Improvements thus far:

  1. v3::DefaultMessageCodec uses a presence bit for optional fields (so in the encoded representation, a new bit is added at the least significant end, If false, the entire embedded message is not set, true means the field is set). This fixes the v2 buggy behavior of optional embedded message that had required children: https://bugs.launchpad.net/dccl/+bug/1181026
  2. Updated all the v3 repeated codecs that use TypedFieldCodec as the base class; i.e. use the FieldCodecBase default implementations of the following methods:
virtual void any_encode_repeated(Bitset* bits, const std::vector<boost::any>& wire_values);
virtual void any_decode_repeated(Bitset* repeated_bits, std::vector<boost::any>* field_values);
virtual void any_pre_encode_repeated(std::vector<boost::any>* wire_values,
                                     const std::vector<boost::any>& field_values);
virtual void any_post_decode_repeated(const std::vector<boost::any>& wire_values,
                                      std::vector<boost::any>* field_values);
virtual unsigned any_size_repeated(const std::vector<boost::any>& wire_values);
virtual unsigned max_size_repeated();
virtual unsigned min_size_repeated();

These codecs will now use an integer (sized for min = 0, max = (dccl.field).max_repeat, so for example 3 bits if max_repeat=7) indicating the number of elements present in the repeated field, which we'll call N. This size integer is inserted before (i.e. in the lower bits) the N copies of the encoded field.

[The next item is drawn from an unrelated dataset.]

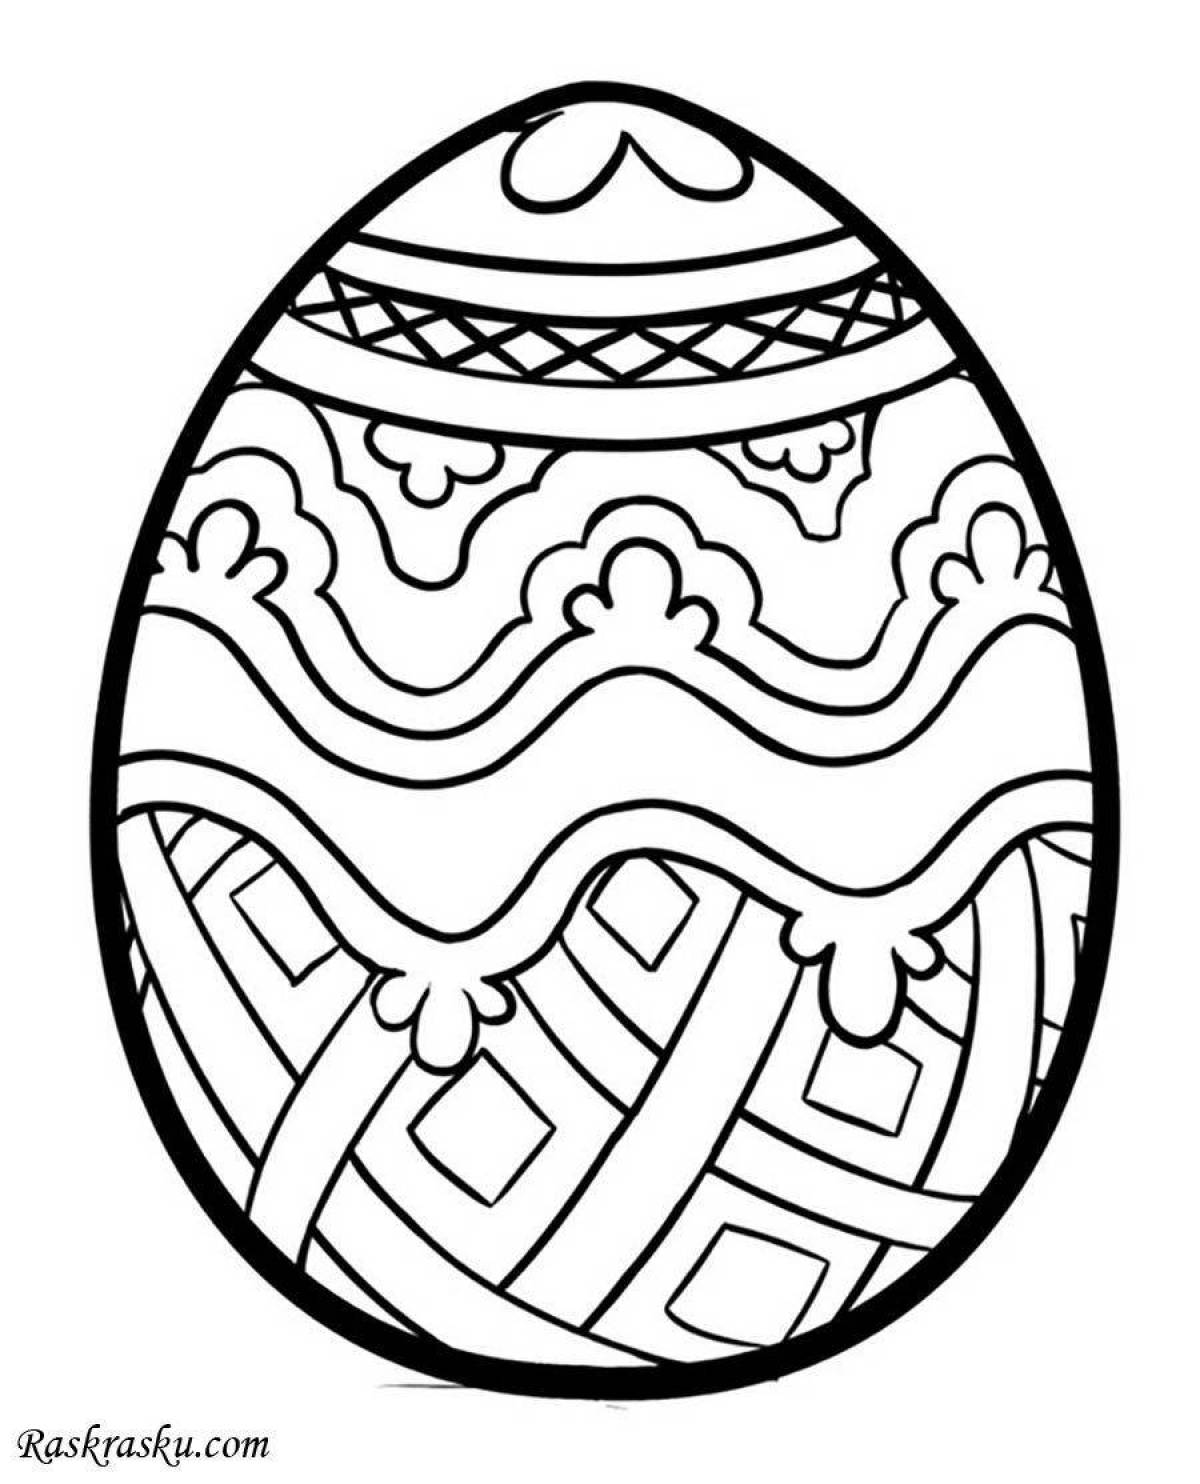 Праздничная раскраска яиц для детей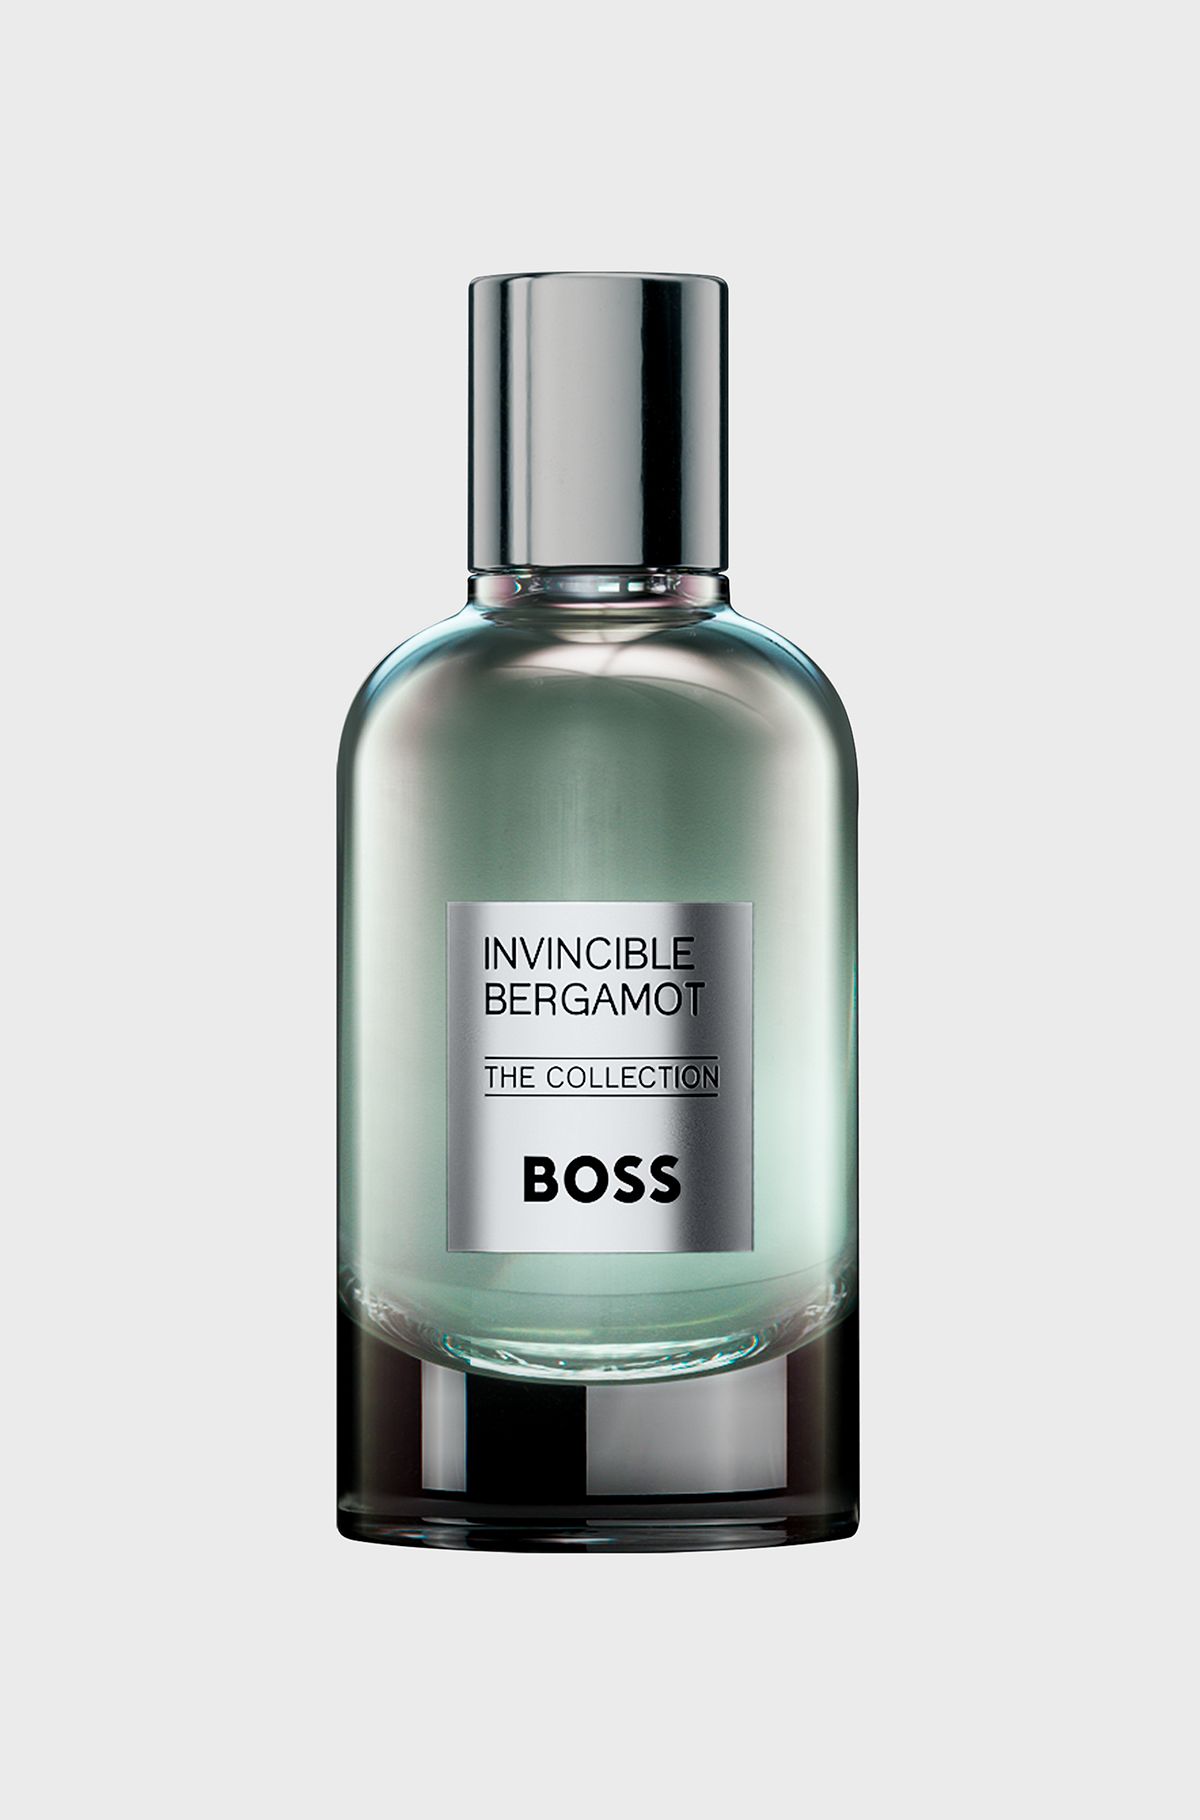 BOSS The Collection Invincible Bergamot eau de parfum 100ml, Assorted-Pre-Pack

This will greatly reduce the space used when max_repeat is larger than N, since no bits are used for fields from N to max_repeat (previously all fields were repeated max_repeat times and it was the responsibility of the codec to treat the extra fields as not present.

Improvements to do:

  1. v3::DefaultStringCodec should use the same idea as the new repeated codecs for the length of the string, rather than being fixed at a maximum of 255.